The Queens Museum of Art (QMA) explores the mystical world of the boroughís Rom (Gypsy) communities, as seen through the lens of photographer Yale Strom, in the exhibition Rom of Ridgewood, on view March 22 to July 7, 2002.
This candid exhibition of photographs capture the Rom in their everyday surroundings in church, at work, and in their leisure activities and offers a rare glimpse into this unique and frequently misunderstood culture. Persecuted throughout Europe, many Rom have relocated to the United States, but live in semi-isolation to avoid further discrimination and preserve their culture without harassment. Out of necessity, they live and work among the gadje (non-Rom), but maintain a very low profile in their private lives.
Queens is a popular destination for many of the Rom immigrants, most notably the Ridgewood section, which has housed several generations. Rom of Ridgewood offers insight and understanding of this hidden community, while dispelling many of the romantic and negative stereotypes frequently attributed to the Rom. The exhibition consists of black and white photographs, books, and recordings and live performances of Rom folk music.

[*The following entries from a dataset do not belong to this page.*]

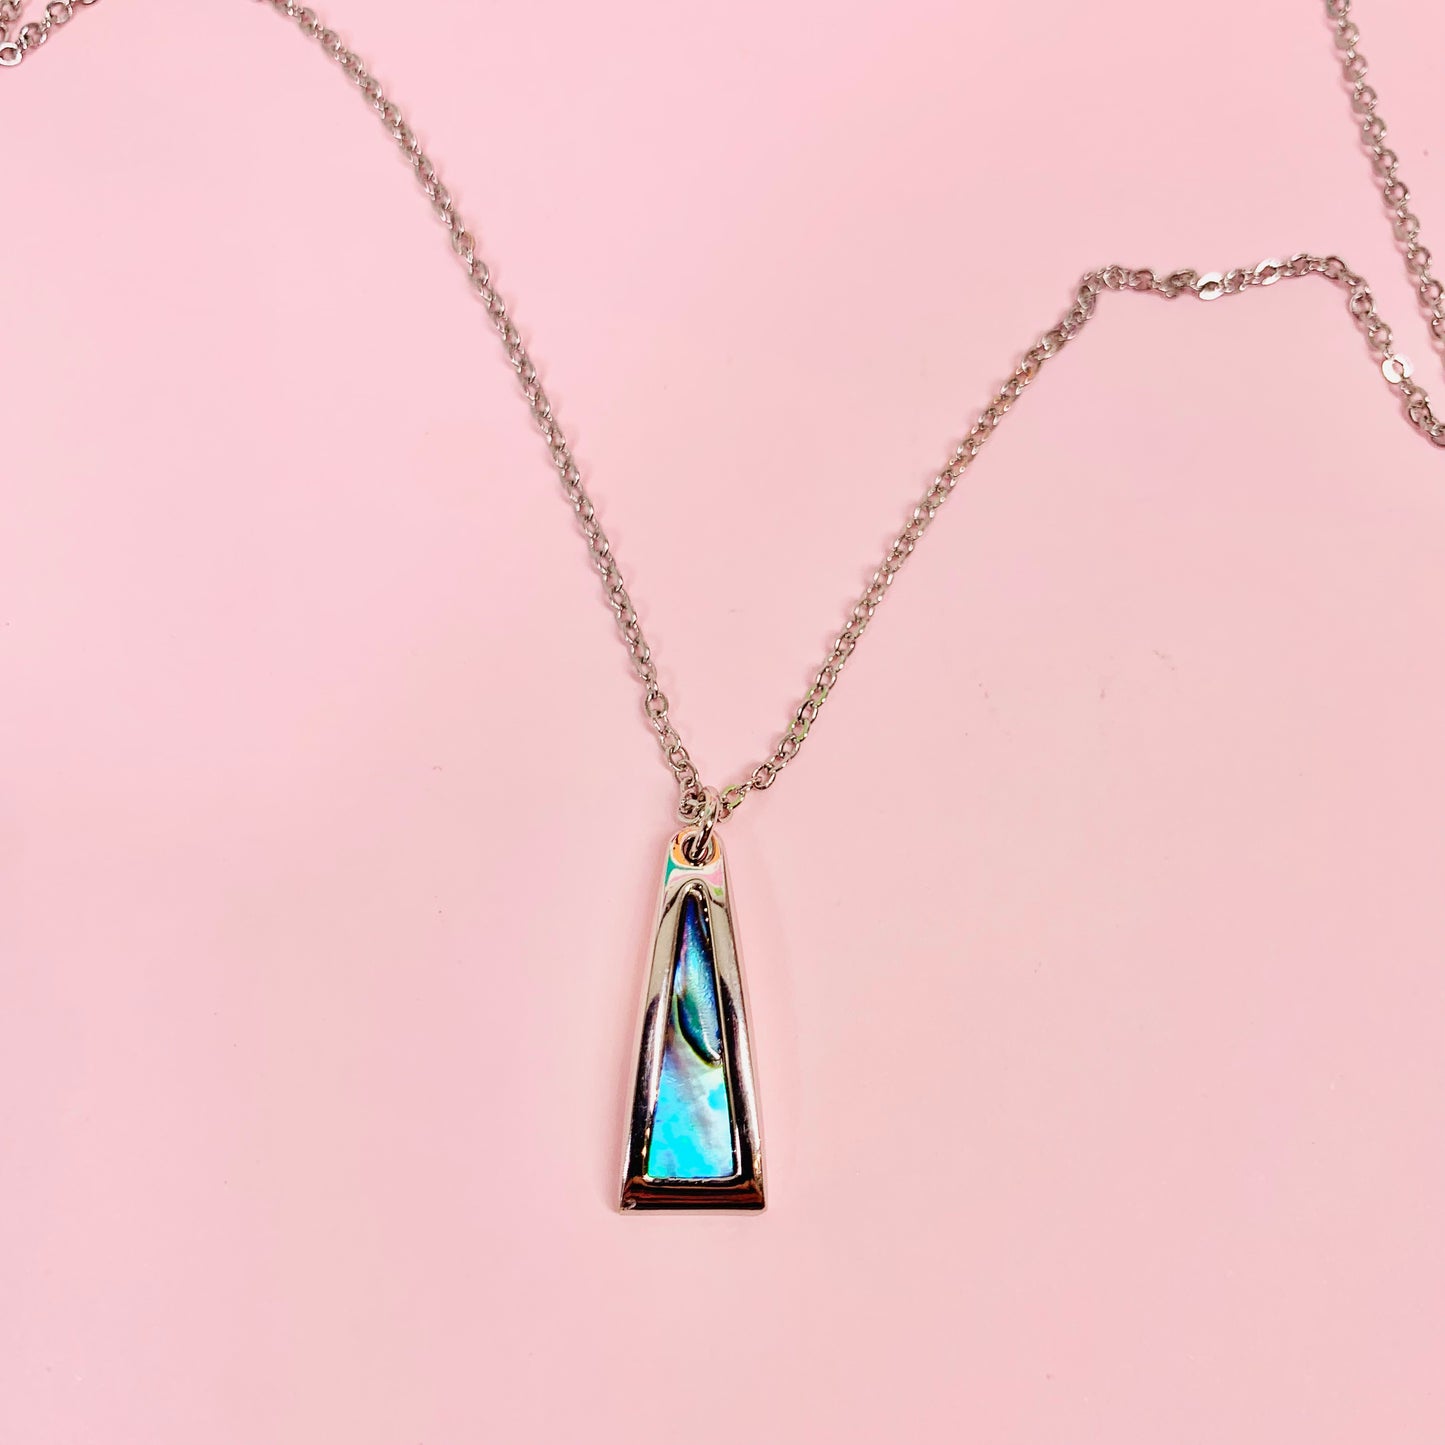 1980s silver plated chain with blue drop pendant
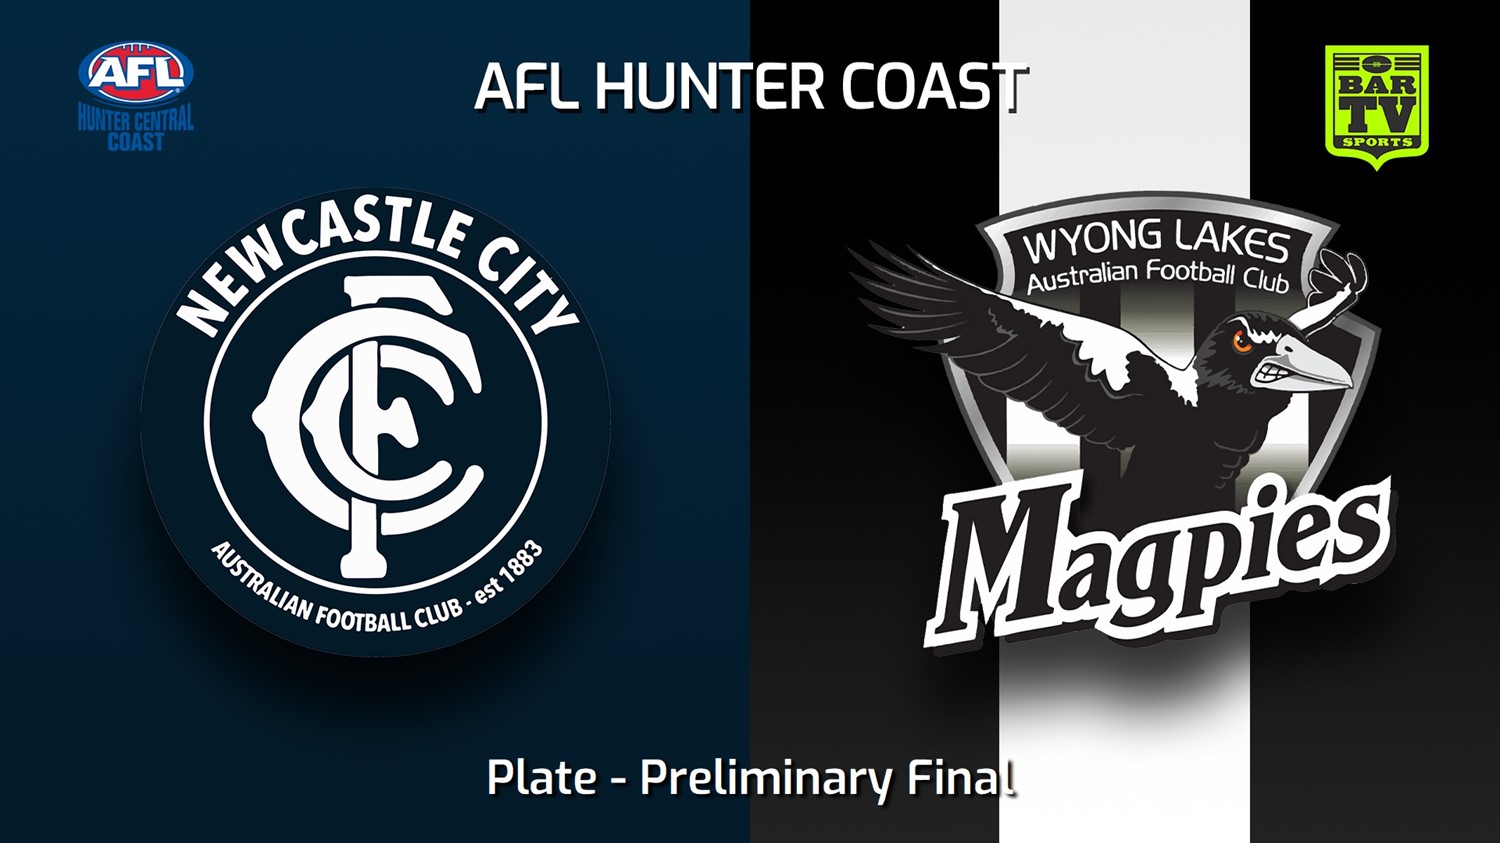 230909-AFL Hunter Central Coast Preliminary Final - Plate - Newcastle City  v Wyong Lakes Magpies Minigame Slate Image
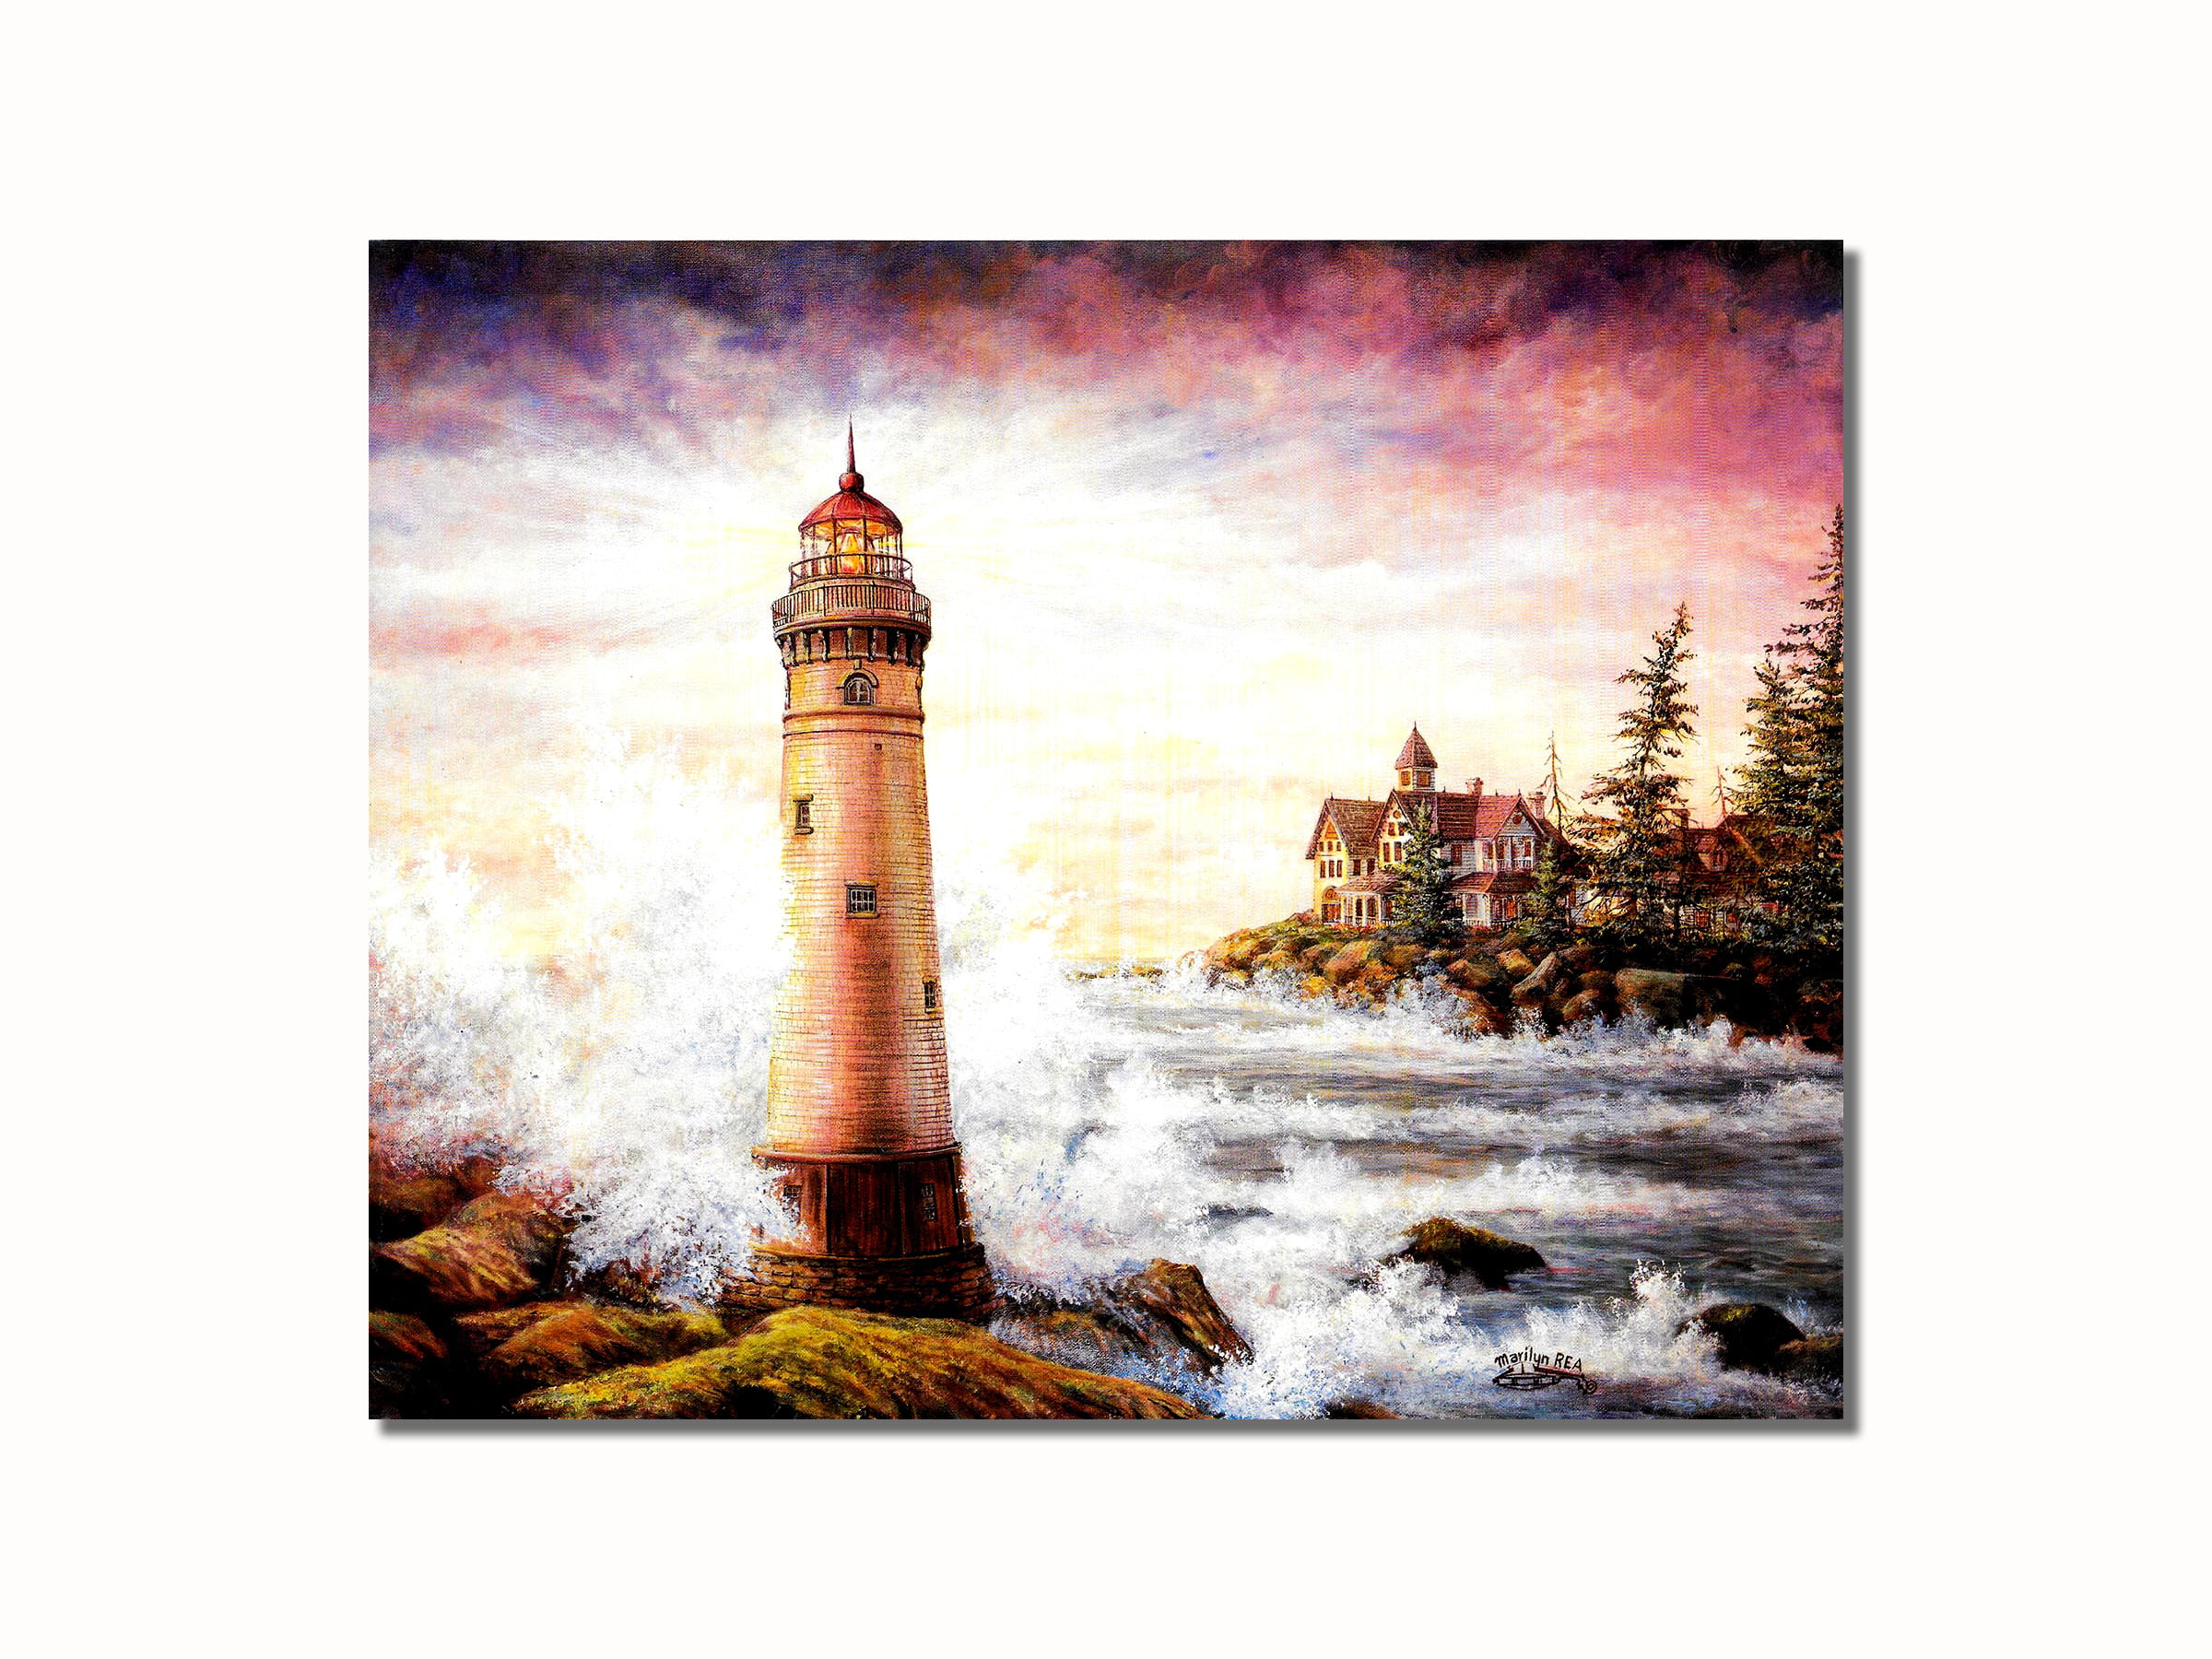 Luminescense Lighthouse in the Storm Wall Picture 8x10 Art Print

Yale Strom is an accomplished author, filmmaker, photographer and musician. He has made eight recordings with his two klezmer bands, Klazzj (San Diego) and Hot Pstromi, (NYC), penned seven books including Uncertain Roads and Searching for the Gypsies, and directed four documentary films and one feature film.
As part of the exhibition, the QMA will present a concert of klezmer and Rom music featuring the ensemble Hot Pstromi on Sunday, March 24, at 2:00 p.m. The ensemble consists of Jewish and Rom musicians and will feature vocalist Elizabeth Schwartz and accordionist Peter Stan in musical works from Eastern Europe and the Balkans.